#### [Records shown]
--- START ---

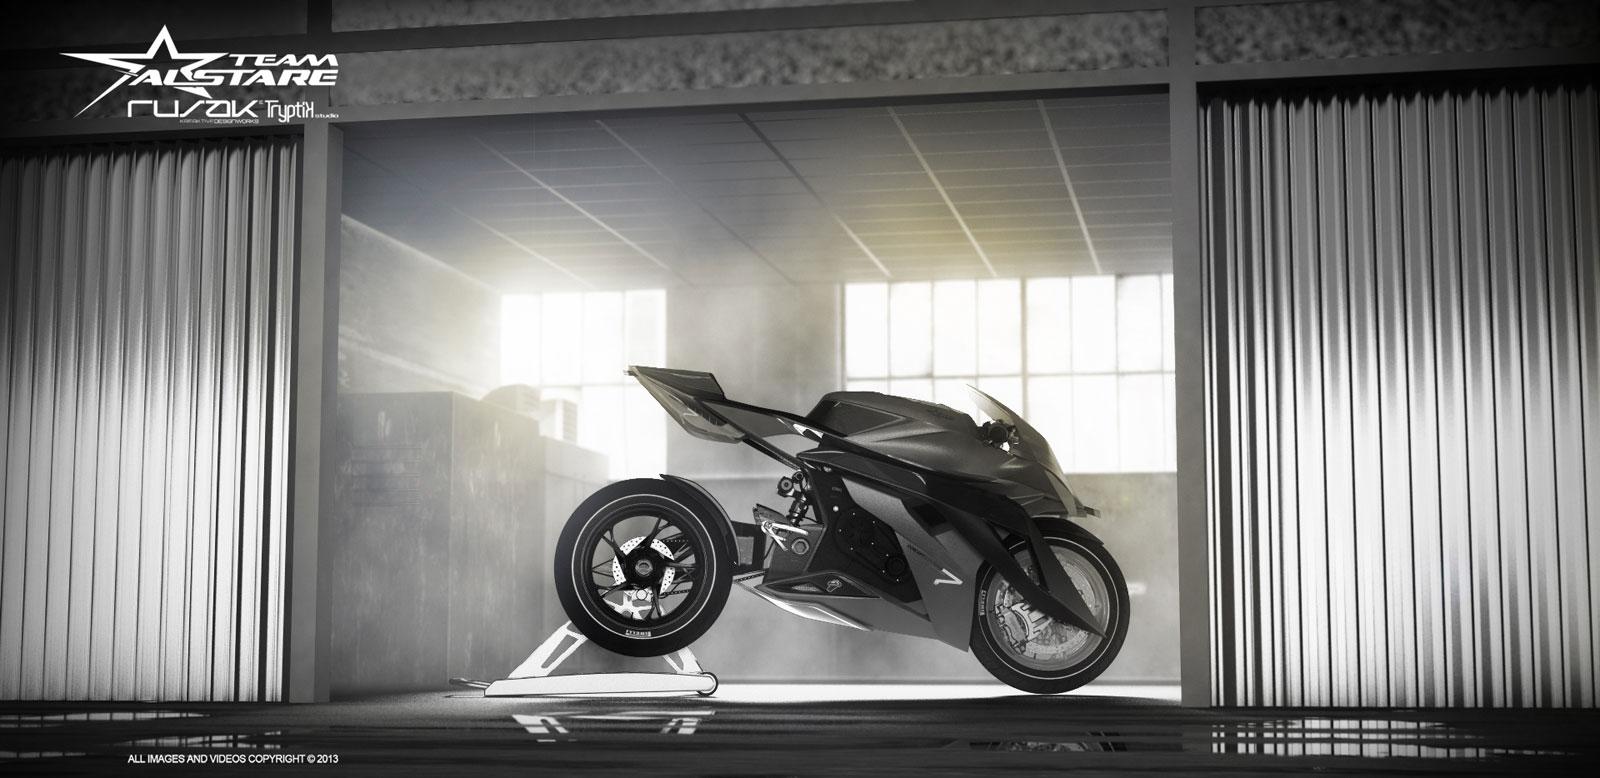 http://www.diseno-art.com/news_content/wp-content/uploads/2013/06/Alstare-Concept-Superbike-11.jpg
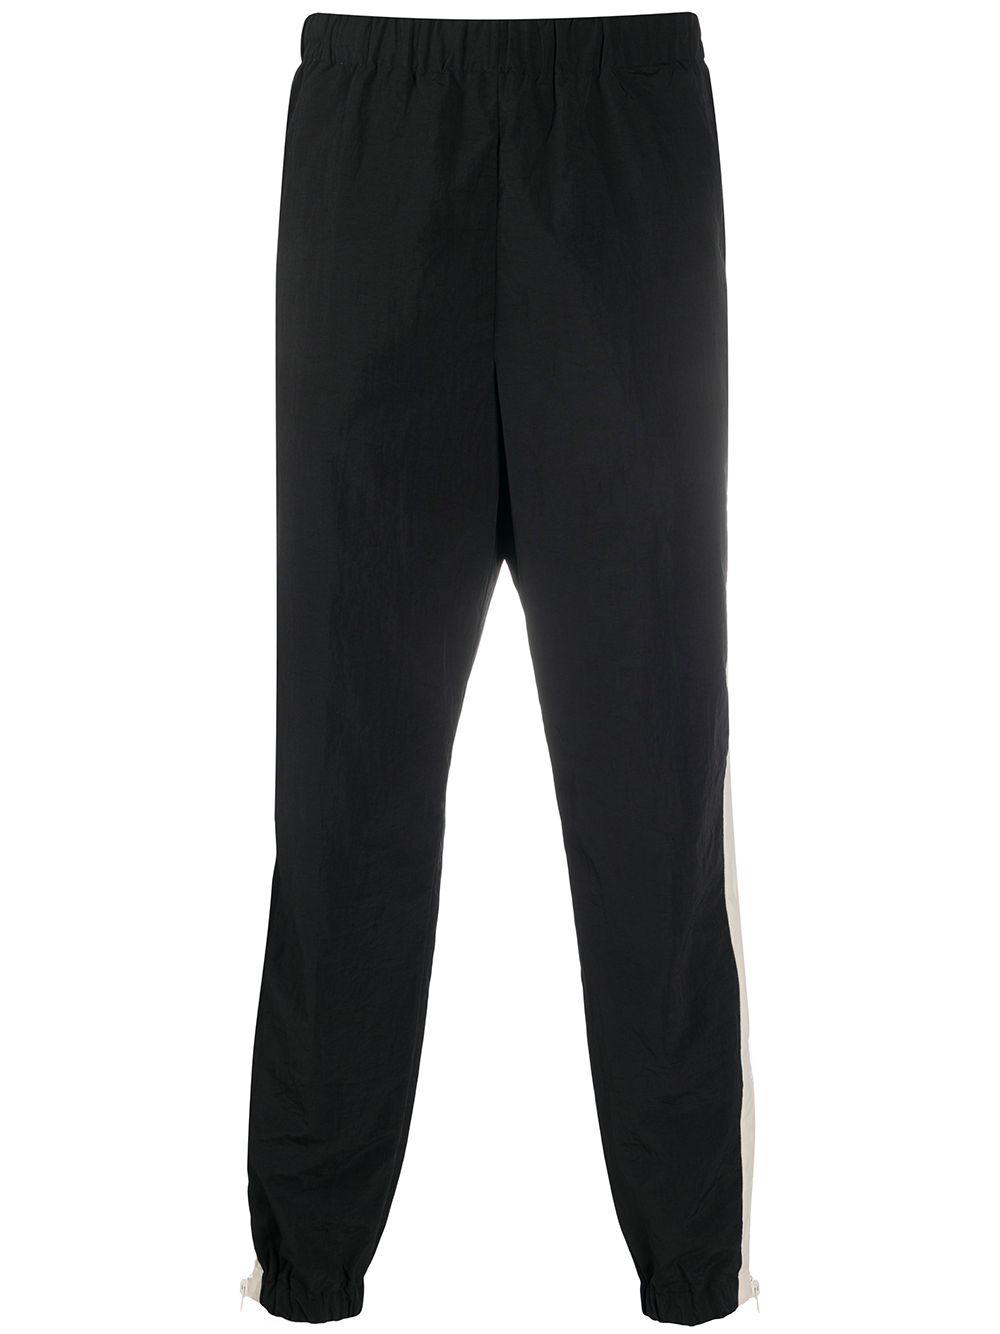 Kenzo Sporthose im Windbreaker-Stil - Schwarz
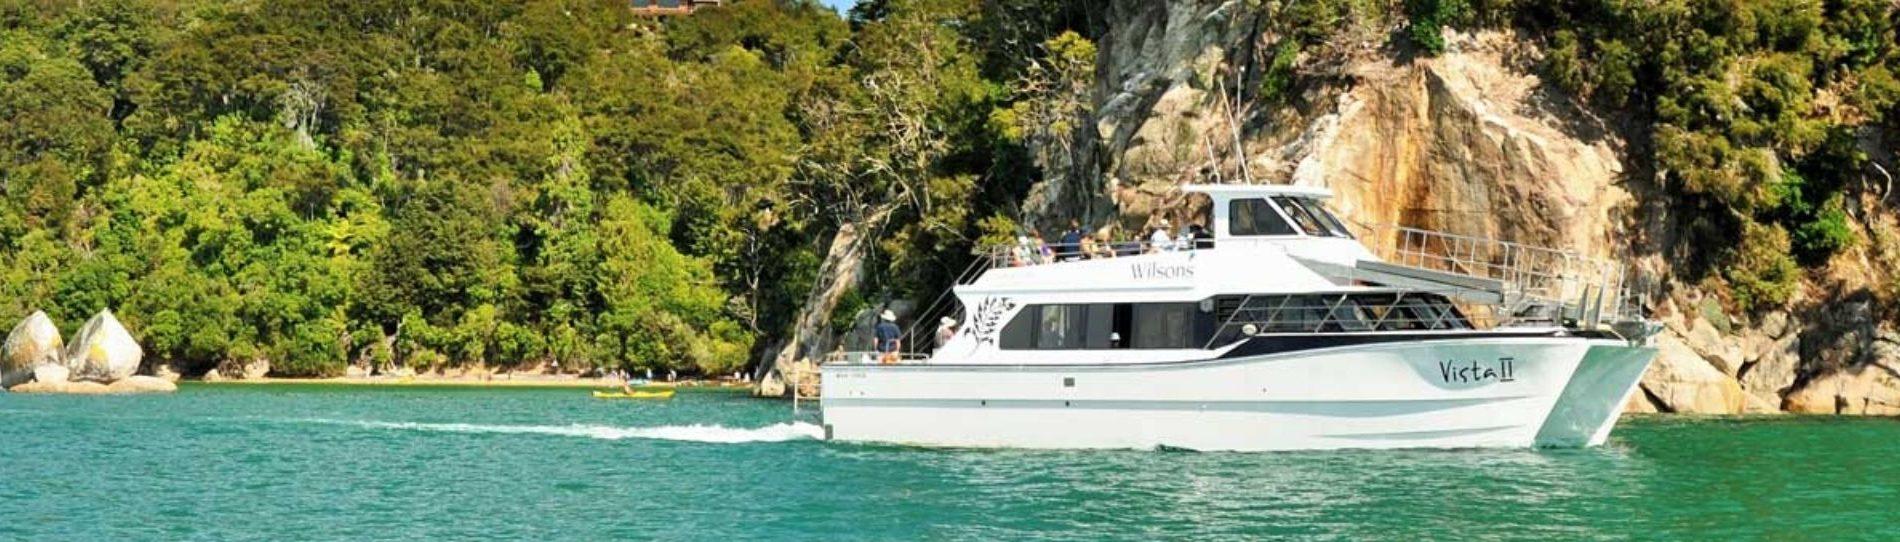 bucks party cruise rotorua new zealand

--- END ---
--- START ---

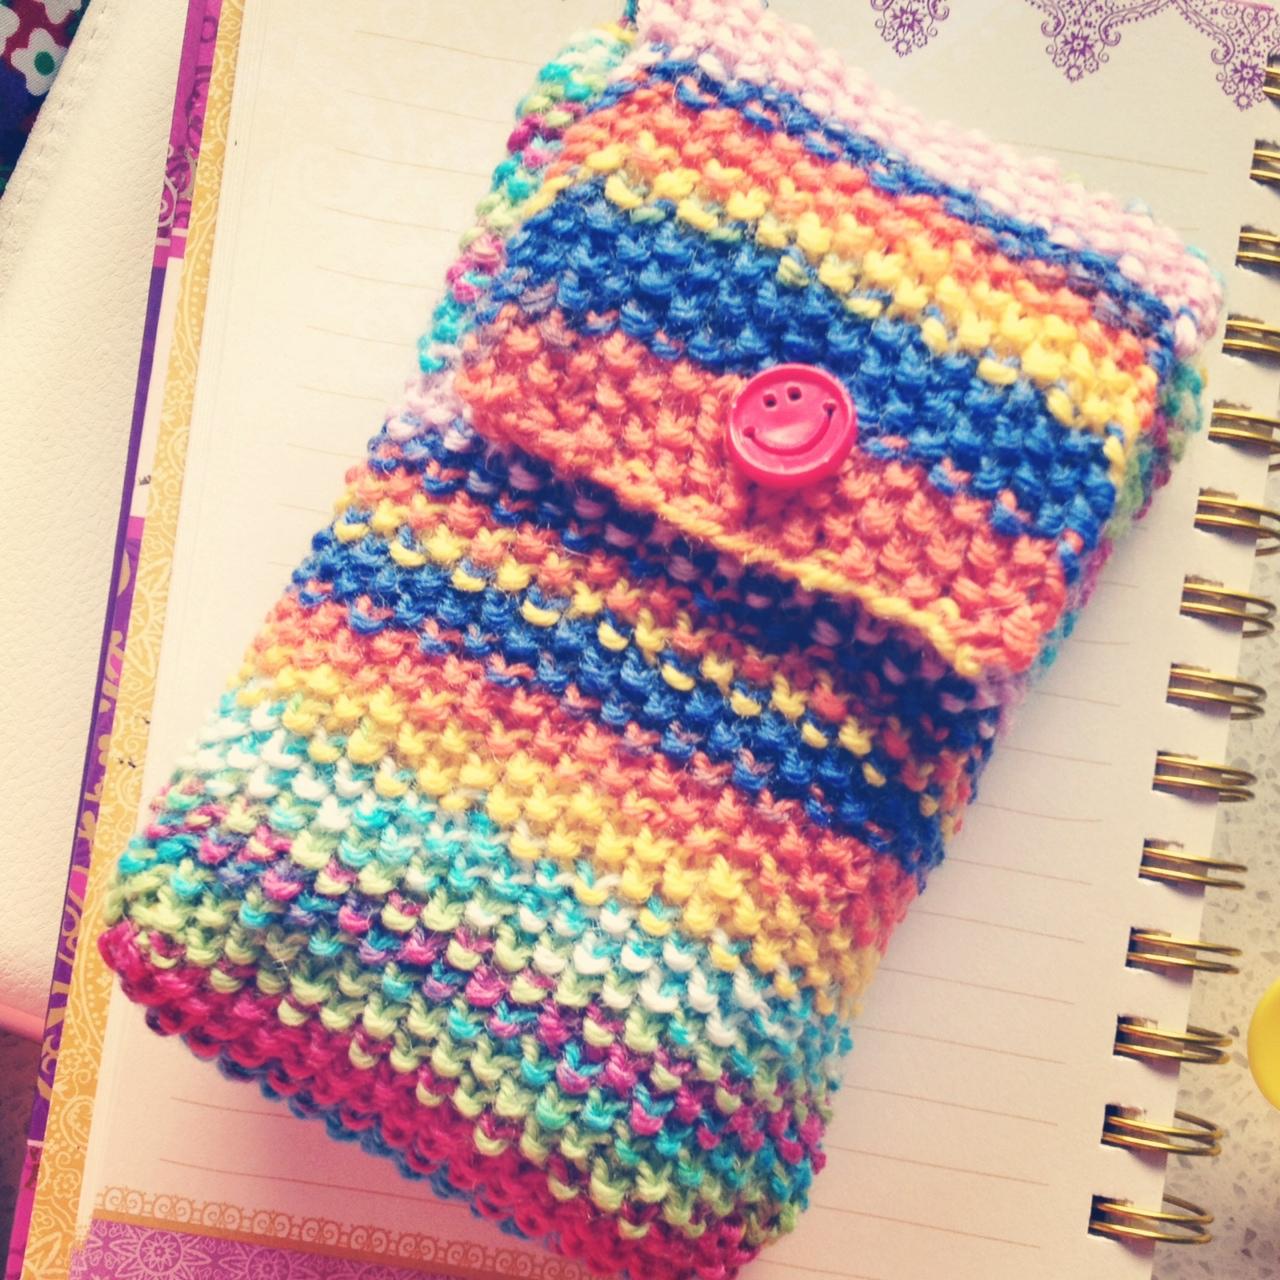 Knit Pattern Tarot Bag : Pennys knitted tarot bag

--- END ---

Could you repeat, exactly, only the lines above starting at the one that has "Kenzo Sporthose im" and stopping after the one that has "bucks party cruise rotorua new zealand", without the pictures?

#### [Exercise solution]
 Kenzo Sporthose im Windbreaker-Stil - Schwarz
 bucks party cruise rotorua new zealand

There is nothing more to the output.